Kawanku tersenyum kecil lalu menjelaskan panjang lebar tentang berbagai hal yang terkait dengan kejadian di tahun 1965. Dia menjelaskan bahwa PKI berawal dari Syarikat Islam dan beberapa petingginya adalah muslim yang taat seperti H. Misbach yang mendapat julukan Haji Merah. Dia juga menjelaskan tentang dinamika sosial politik yang terjadi saat itu. Yang paling penting adalah bagaimana semua agitasi dan propaganda yang dilakukan orde baru untuk menyalahkan PKI. Paling terakhir dia menjelaskan bahwa hampir semua yang jadi korban di ’65-66, baik yang dibunuh, ditahan dan diasingkan bukanlah anggota PKI namun warga yang di-PKI-kan. Semua penjelasannya membuatku terperangah namun otakku masih belum percaya seratus persen.

Saat kawan-kawan di Tim Relawan untuk Kemanusiaan melakukan penelitian sejarah lisan tentang korban ’65, aku punya kesempatan bertemu dan berinteraksi dengan banyak korban dari berbagai daerah. Semua gambaran betapa bangsatnya para komunis itu runtuh perlahan karena kehangatan para korban. Kesan yang paling kurasakan dalam interaksi tersebut adalah mereka orang yang cerdas dan punya pemikiran yang kritis, beberapa diantaranya adalah seniman, guru bahkan mantan anggota DPR. Berbincang dengan mereka seperti belajar sejarah dari tangan pertama. Tidak satu pun diantara mereka yang “mengajak” untuk jadi komunis. Yang selalu mereka tekankan adalah pentingnya anak muda untuk membuat perubahan untuk bangsa ini.

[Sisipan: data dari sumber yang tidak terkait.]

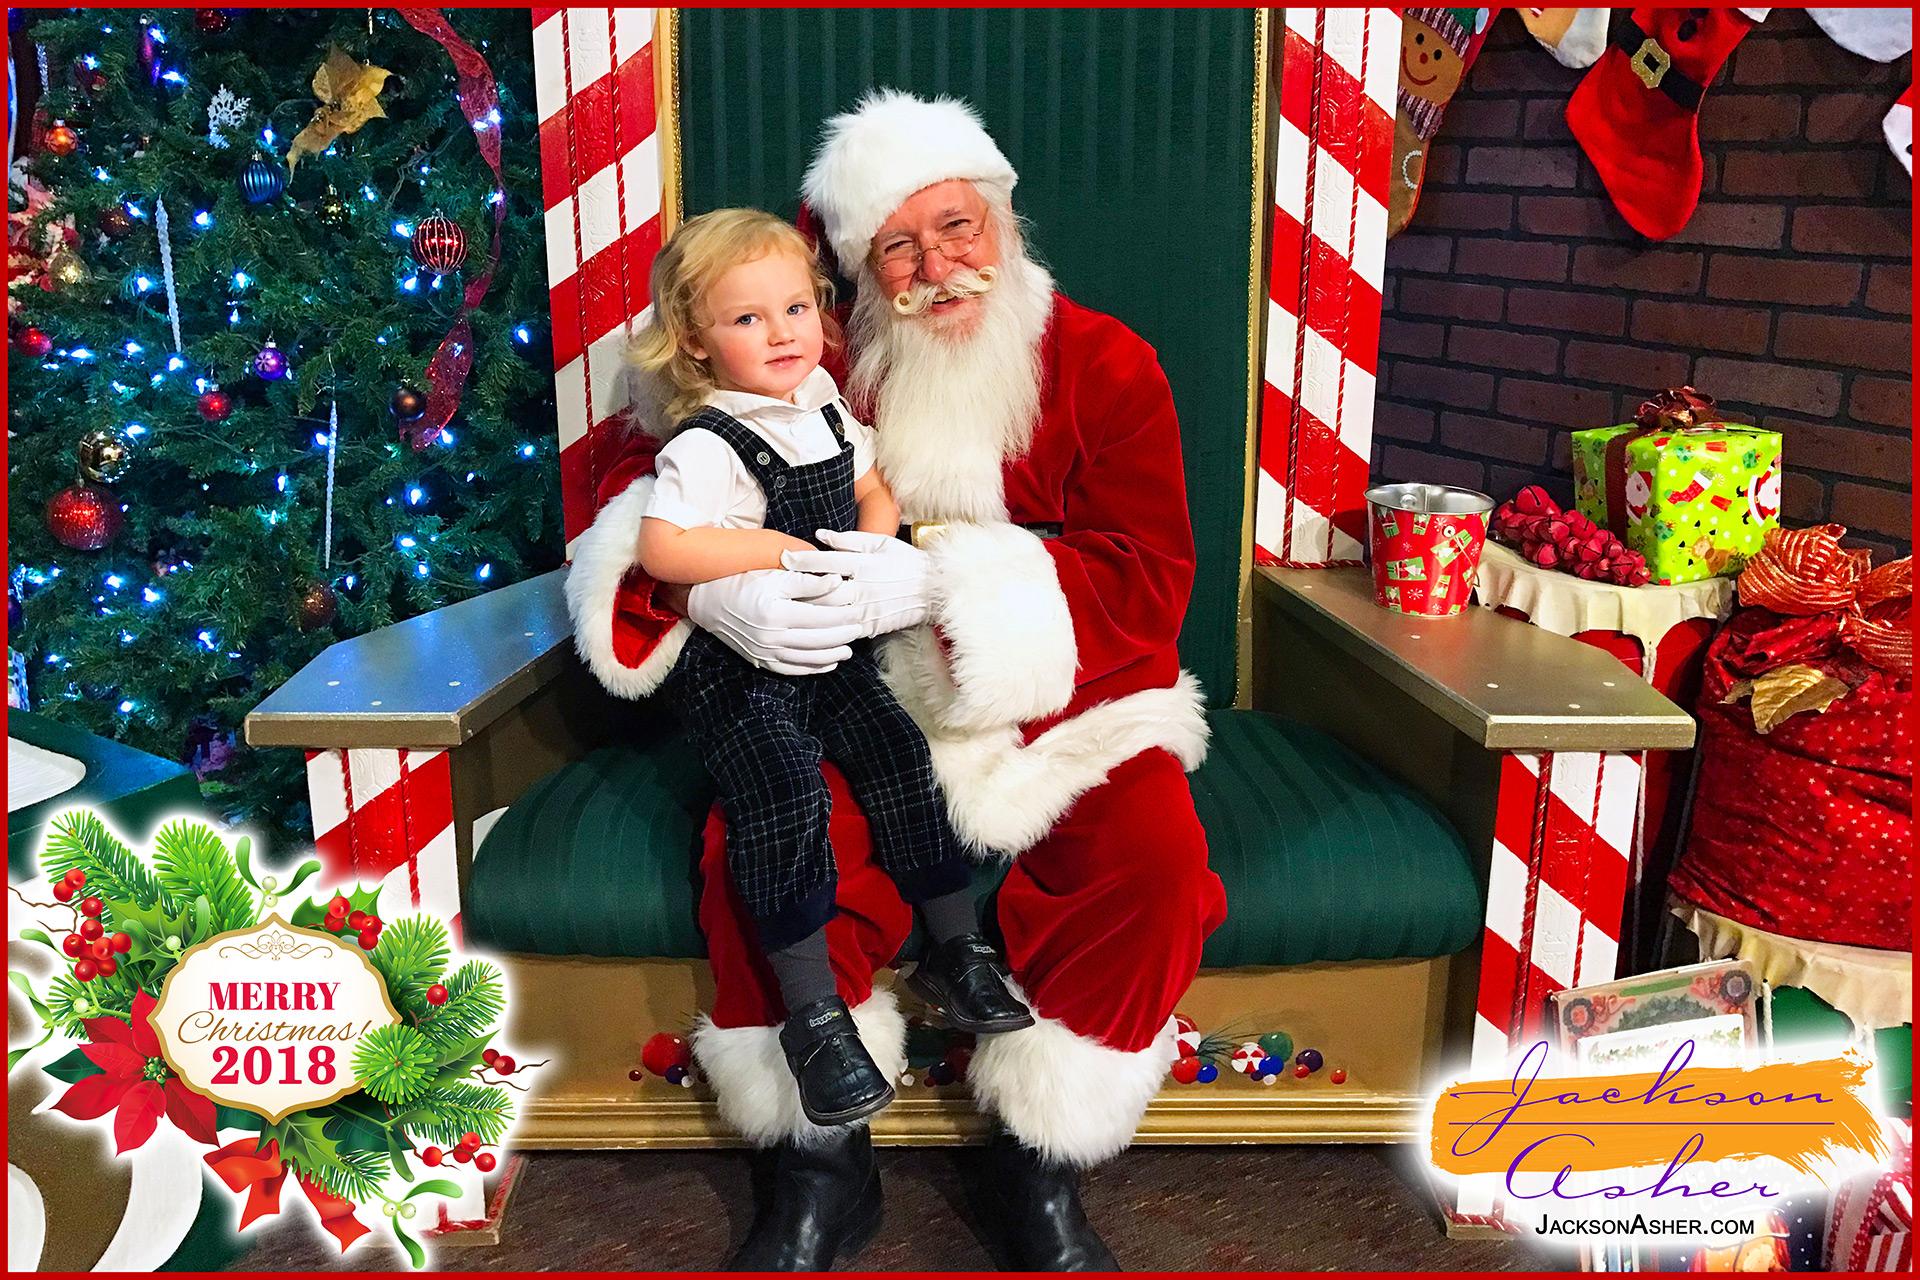 Jackson-Asher-Christmas2018-1.jpg

Proses ini membuatku bertanya; mengapa orde baru sangat takut dengan mereka yang cerdas dan begitu peduli pada bangsa ini? Menurutku, mereka adalah aset bangsa yang berharga. Dari titik inilah, rasa penasaranku makin besar. Mulai lah aku mencari bahan bacaan yang tentu saja tidak akan didapatkan di sekolah atau kampus pada umumnya. Beberapa bahan bacaan masih kategori terlarang yang kalau aku kedapatan membawa buku tersebut, maka penjara akan menanti. Perlahan aku jadi paham bahwa selama ini sudah DIBOHONGI oleh rejim orde baru.

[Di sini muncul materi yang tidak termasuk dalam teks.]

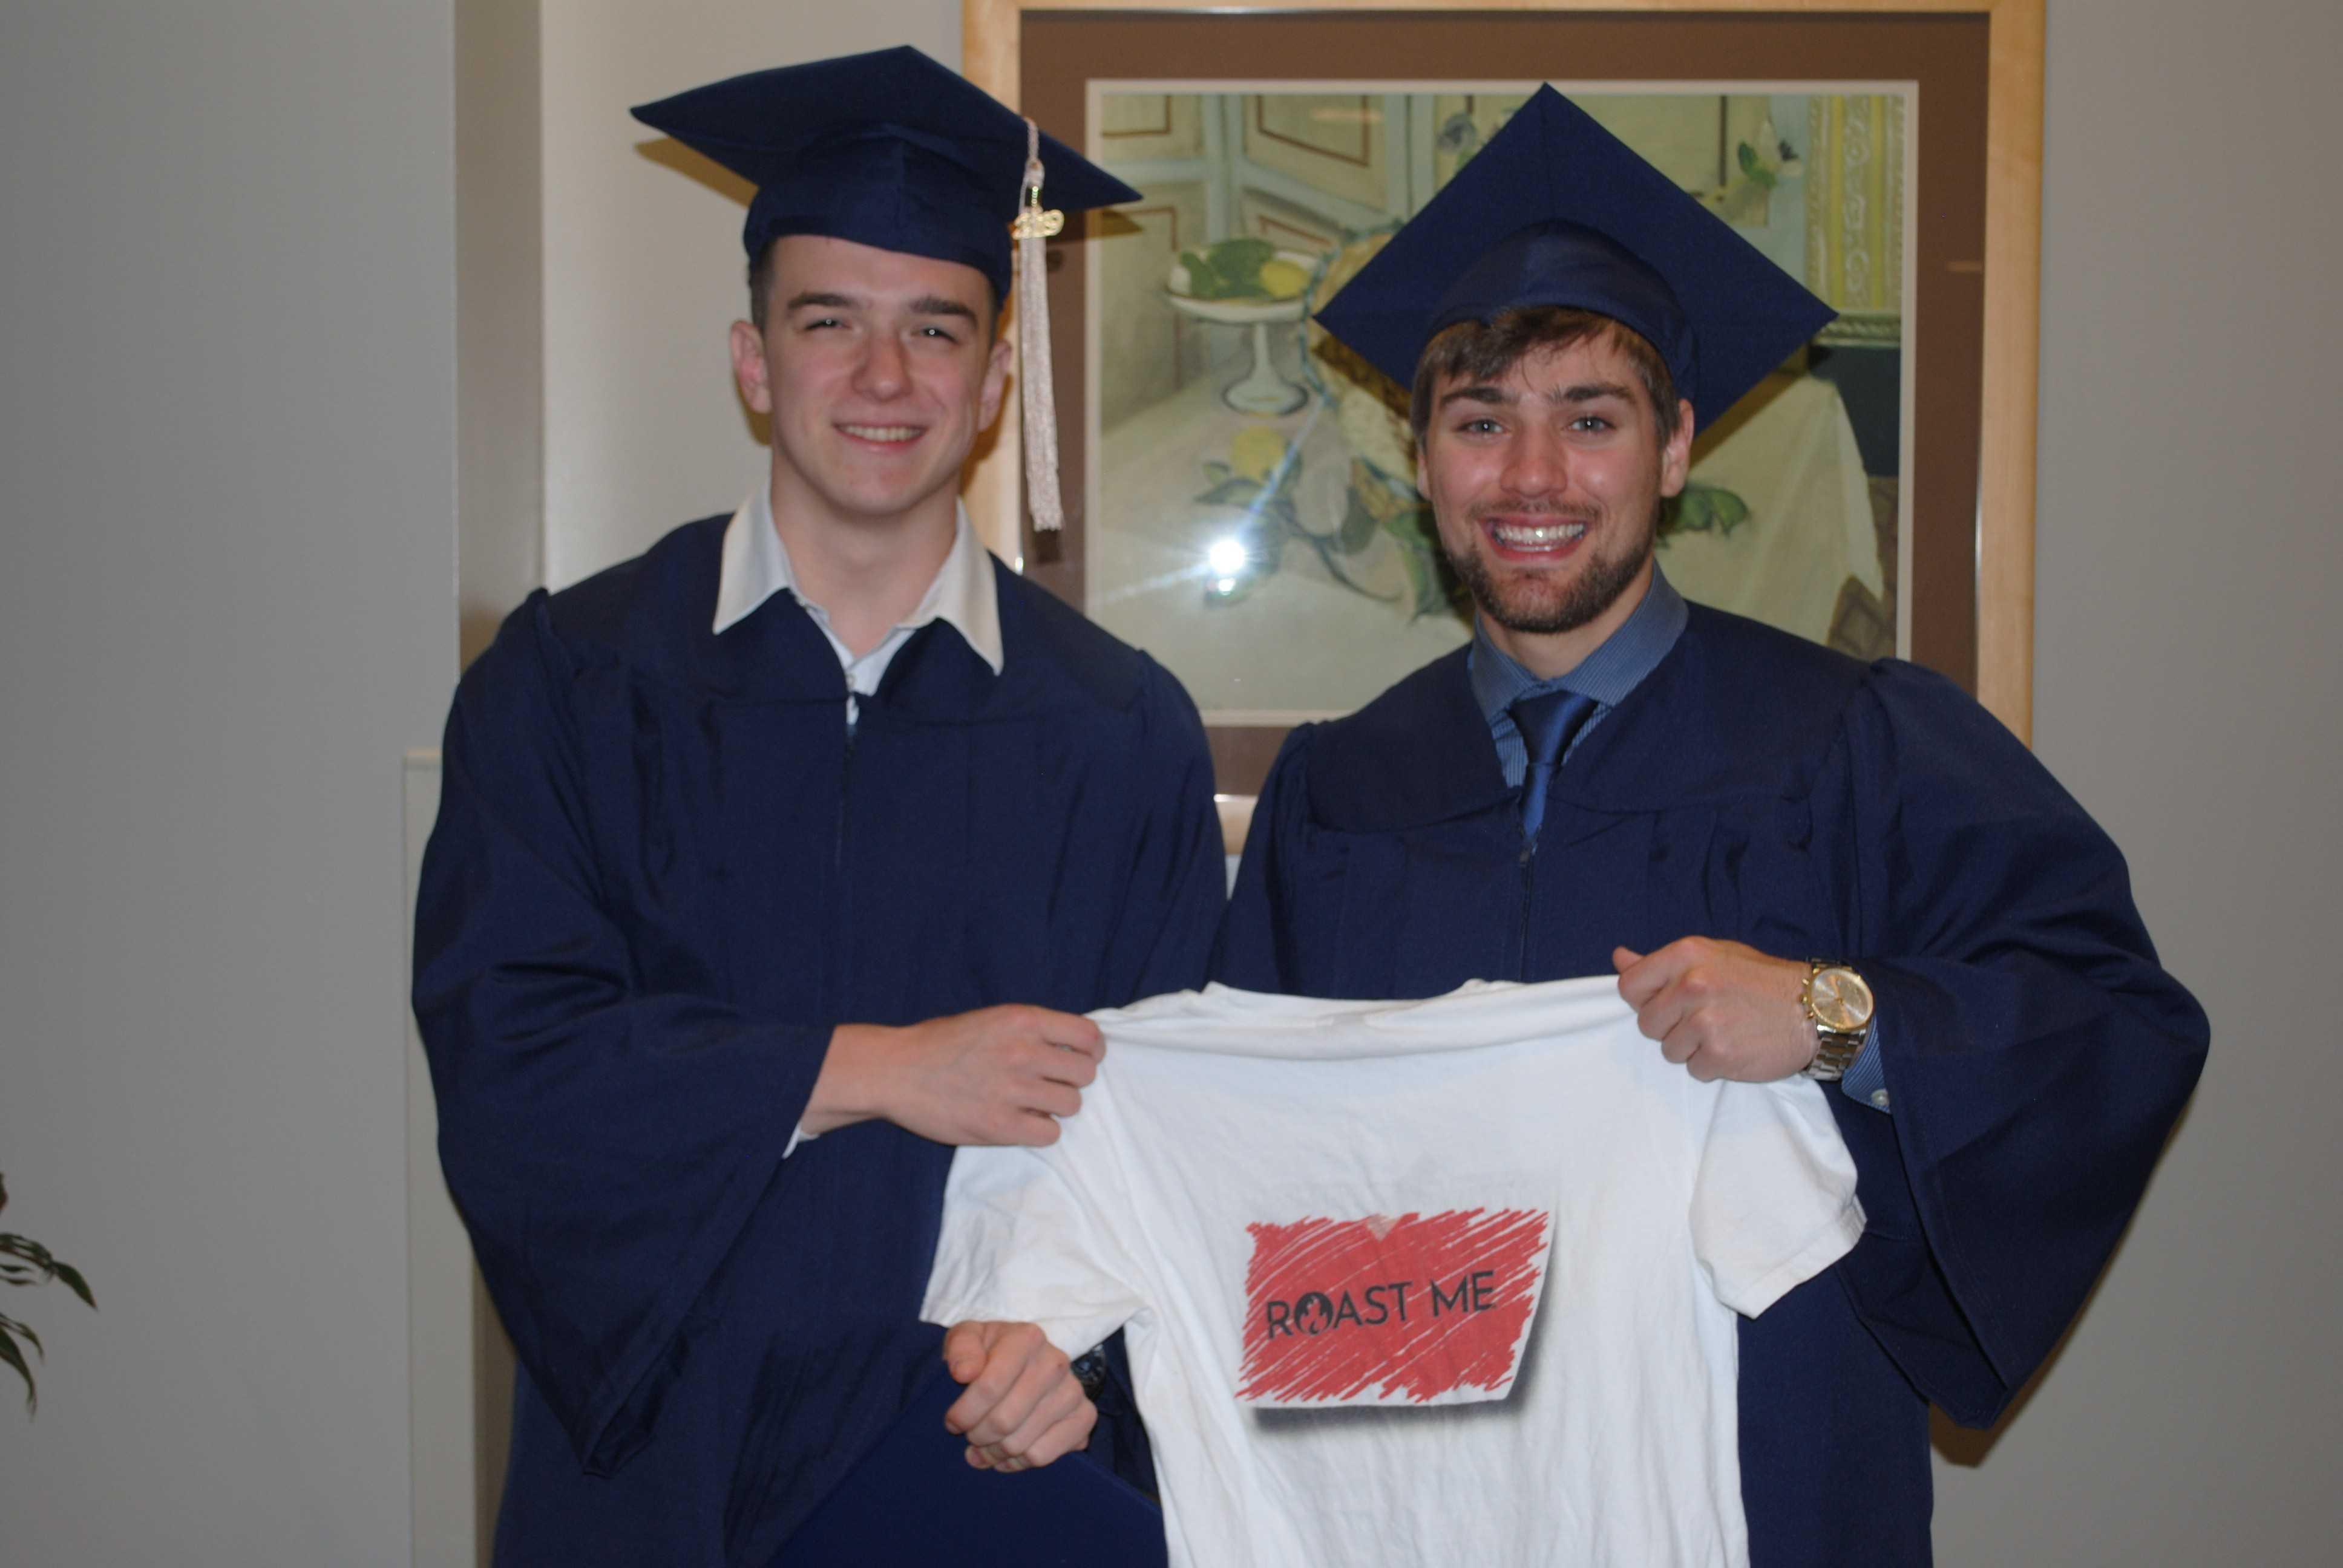 Roast Me graduates

Salah satu yang paling menentang soal interaksiku dengan persoalan ’65 adalah bokap. Tidak jauh berbeda dengan aku, dia memakan semua propaganda orde baru soal ’65. Kami bisa berdebat selama satu jam di telepon hanya karena masalah ini. Kalau seperti ini, tekor bandar juga. Lumayan euy, tahun 2000 bisa habis seratus ribu di wartel hanya untuk berdebat soal ini.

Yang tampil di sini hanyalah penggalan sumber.